The process according to the invention consists in replacing the most worn layer 41 (the most upstream) by extracting it from the reactor (arrow 5), then replacing it with a new or regenerated layer 46 (arrow 6). (This layer has been represented symbolically in the figure before its introduction into the reactor, insofar as preference is given to adding the support in the form of bulk foam blocks: before introduction, the support can be stored and transported to to the reactor in a container of any shape, of course). Overall, the height of the support 4 in the reactor after this replacement remains unchanged. After replacement, layer 42 becomes the oldest/worn layer in the layer stack, and layer 46 becomes the "youngest". This layer is preferably bare, it contains only polyurethane foam, and it will gradually become activated by bacterial contamination from the other layers and also develop biofilms on the surface of the foam.

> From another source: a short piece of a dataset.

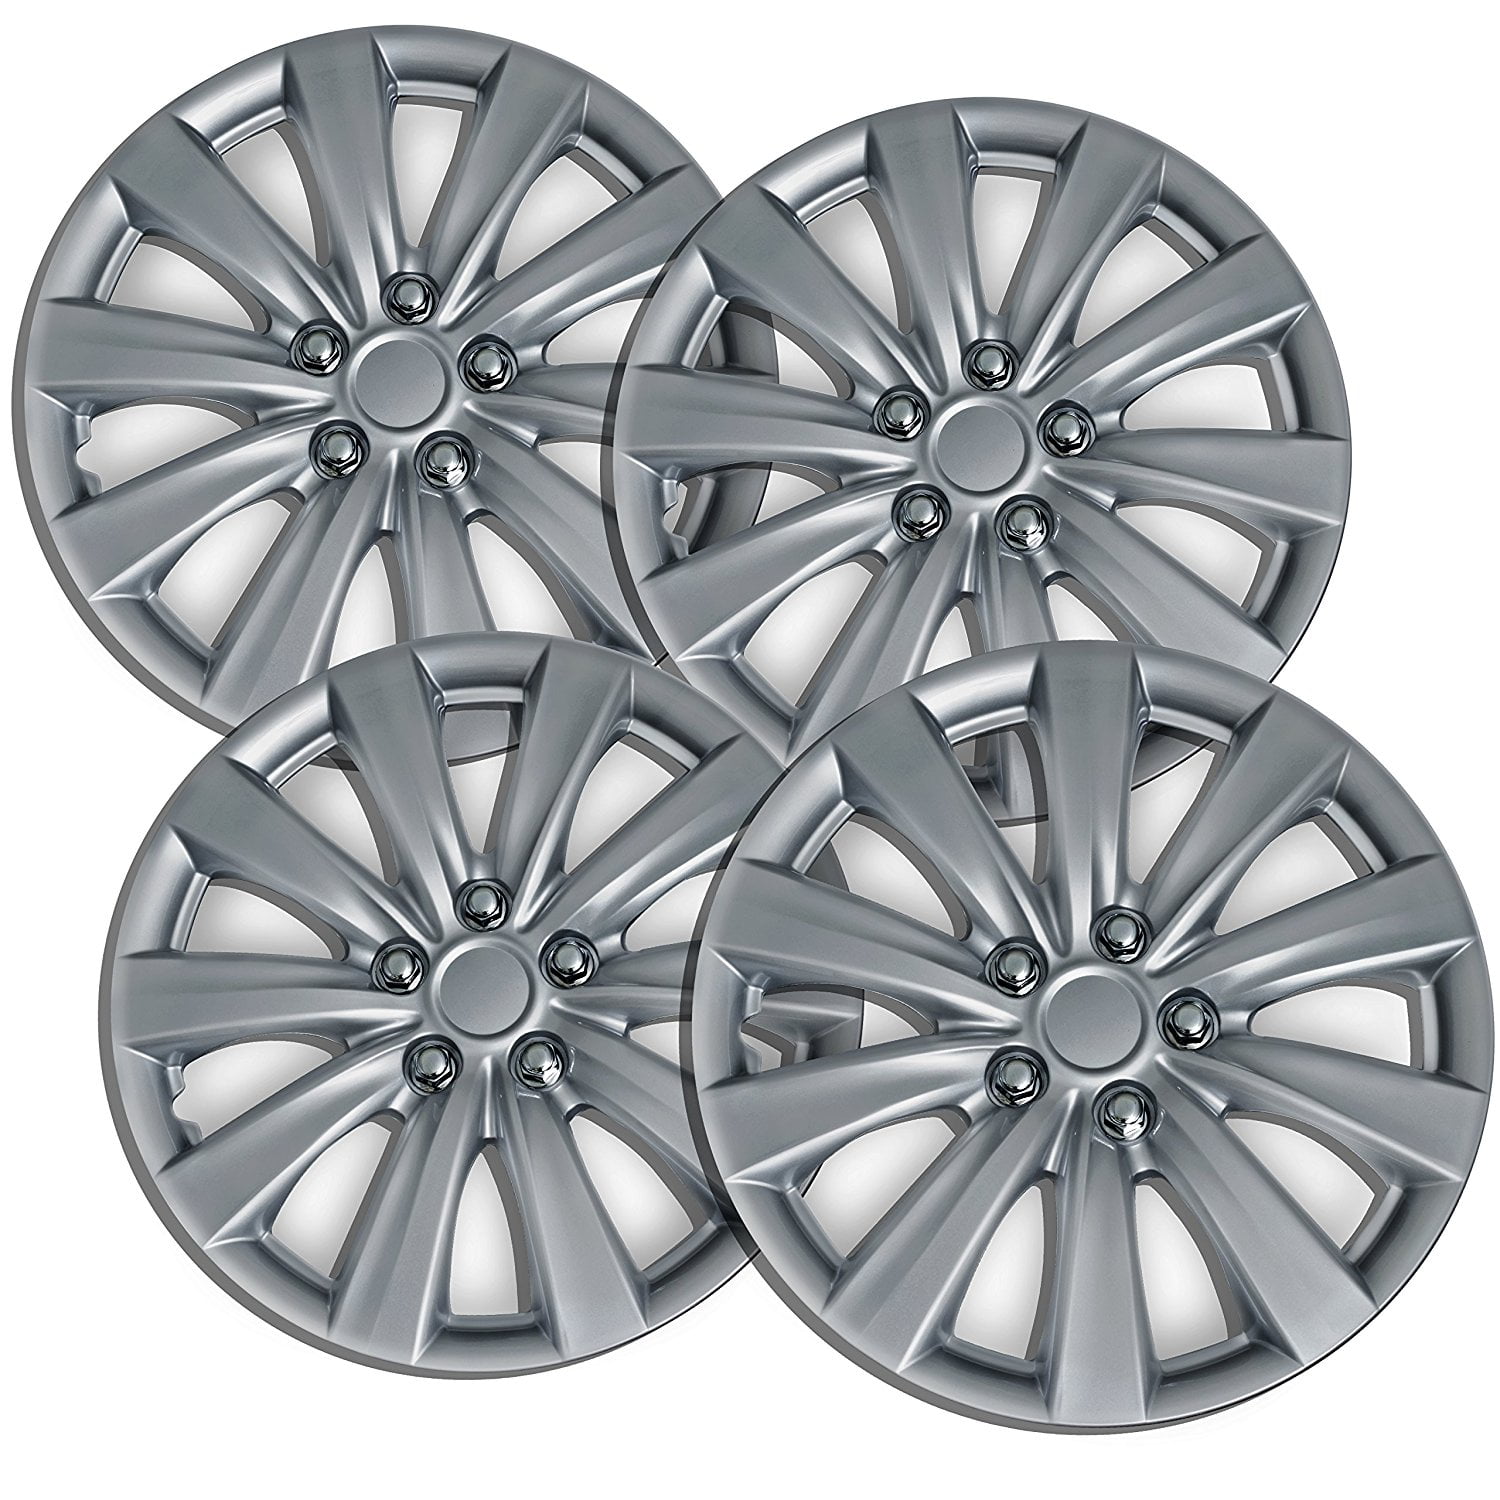 4 Pack 16 Inch Sporty Silver Hubcaps OEM Replacement Car Wheel Covers

As shown schematically in Figures 1 and 2, the replacement can be done by dedicated inlets/outlets made in the side wall of the reactor: To extract the spent foam, a dedicated outlet can be provided, the evacuated foam then being separated from the fluid it has entrained, the fluid possibly being reinjected into the reactor. To introduce new or regenerated foam, pneumatic or mechanical means of the endless screw type can be used.

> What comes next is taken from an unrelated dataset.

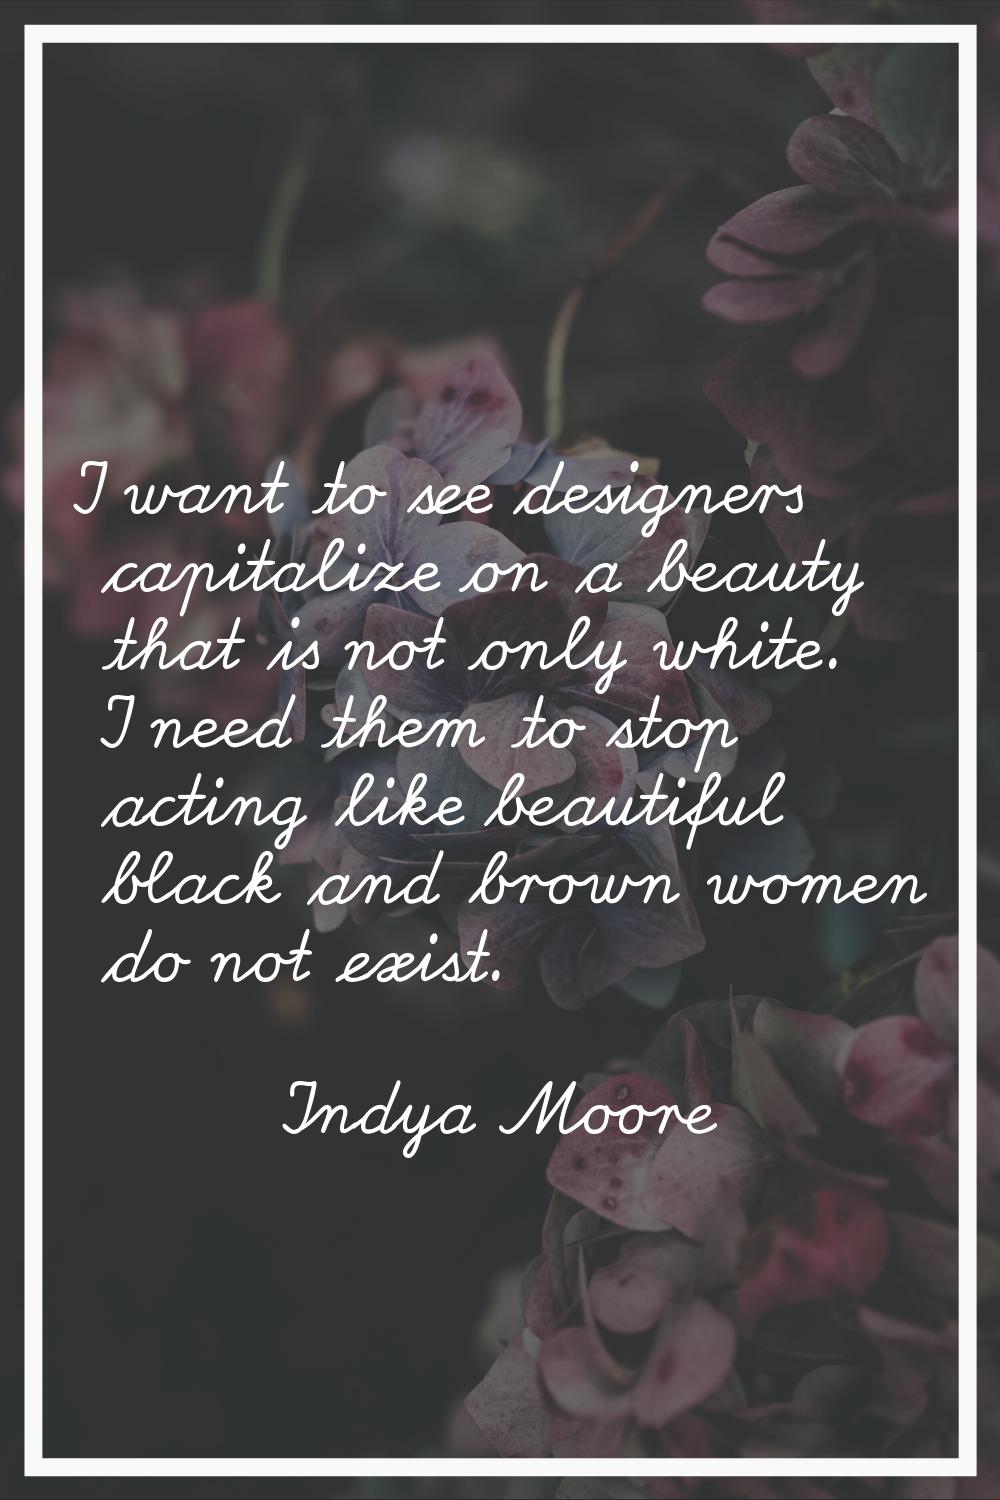 I want to see designers capitalize on a beauty that is not only white. I need them to stop acting l

It has been verified that with such a partial replacement at time frequencies adapted according to the duration of the production campaign targeted, this counter-current system (between the circulation of the fluid in the reactor and the change of partial support) is very interesting because it makes it possible to maintain the productivity almost constant over time during the production campaign, and to increase the time of use of the reactor (or to keep it constant with better productivity).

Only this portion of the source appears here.